The value of internet samples is increasingly recognized [7,27,35,36], and our approach has strengths that may be relevant to drug use surveillance. Using calibration weights derived from two independent probability-sampled studies provided a hedge against overfitting [28,37]. The survey was fielded over the course of 8 weeks collecting at least 30,000 unique responses at a fraction of the cost of national probability samples. The entire process from fielding the survey to national estimates takes about 6 weeks. The ability to rapidly and inexpensively add new drugs to the survey is a considerable benefit against the background of the opioid crisis, which has evolved into its third phase, characterized by heroin-fentanyl deaths [38]. Beyond opioids, new drugs of abuse are being documented (eg, tianeptine, kratom) [39,40], while problematic drugs of the past are resurging (eg, methamphetamine, cocaine) [41]. Noncontrolled (nonscheduled) prescription drugs with abuse potential such as antidepressants [42], anticonvulsants [43], and novel psychoactive substances are not currently tracked on national probability surveys but could easily be added to online questionnaires. Emerging novel routes of administration (eg, intra-arterial injection), fluctuations in infectious disease risk factors, and uptake of harm reduction strategies could be queried in-depth. Our results also suggest that randomization is useful in mitigating order effects on surveys and skip logic is required to prevent motivated underreporting, neither of which is common practice yet on many national surveys. The method presented here cannot replace traditional probability-based surveys; in fact, it intentionally relies on those surveys to create optimized estimates. But this method can bridge the information gap when there is a need for prompt, accurate national data.

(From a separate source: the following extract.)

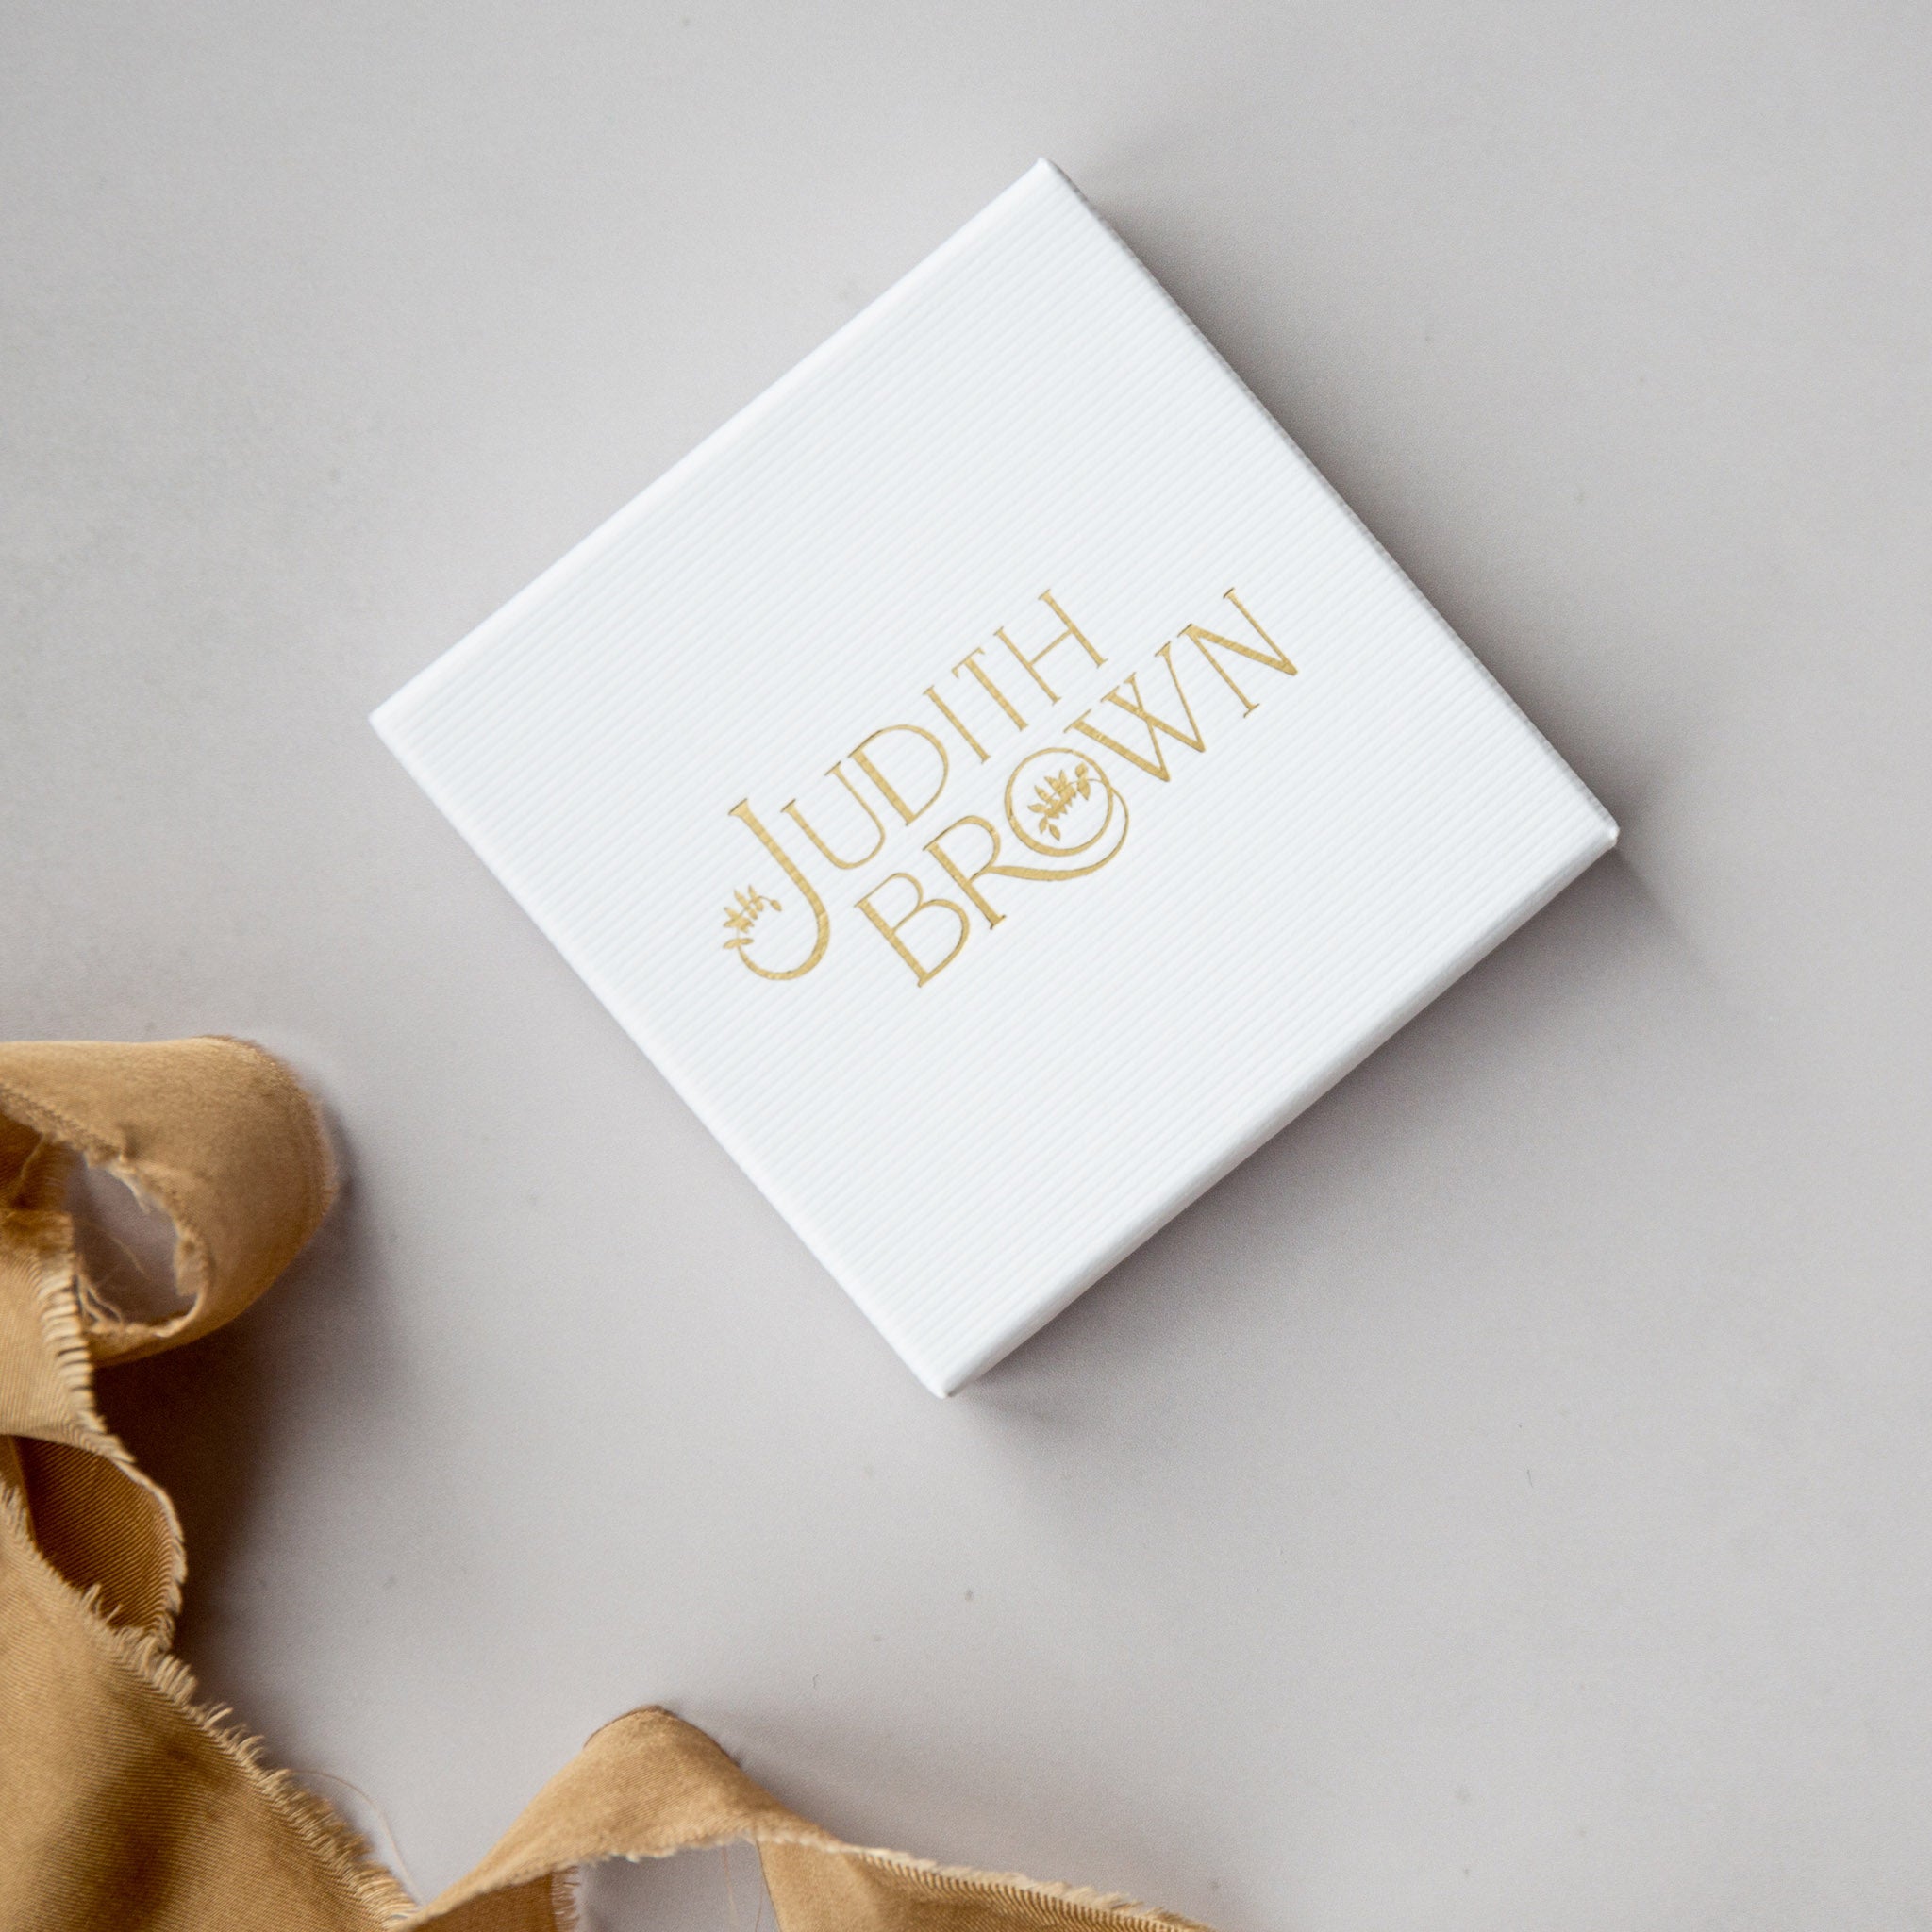 Presentation box for Judith Brown Bridal's wedding accessorties and jewellery

Ostensibly, the online-only setting creates the perception of anonymity between the respondent and researcher and reduces interviewer bias, but the role of the panel company as an intermediary and fears of data breaches may exert selection bias. There are putative gaps in the sampling frame since not all US adults use the internet. In terms of precision, 95% confidence intervals do not represent true 95% coverage probabilities because the exact selection probability from the sampling frame into the sample is not known, limiting statistical inferences within a purely frequentist context. Rather, the confidence intervals demonstrate precision of the estimates within the sampling framework, and inferences are useful when combined with an understanding of how the sample was obtained and weighted. Finally, a nonresponse adjustment was not included in this method. A drawback of using online panels is that information on nonresponding panelists is not available, and future extension of this work will be to obtain sufficient information in other ways to address this.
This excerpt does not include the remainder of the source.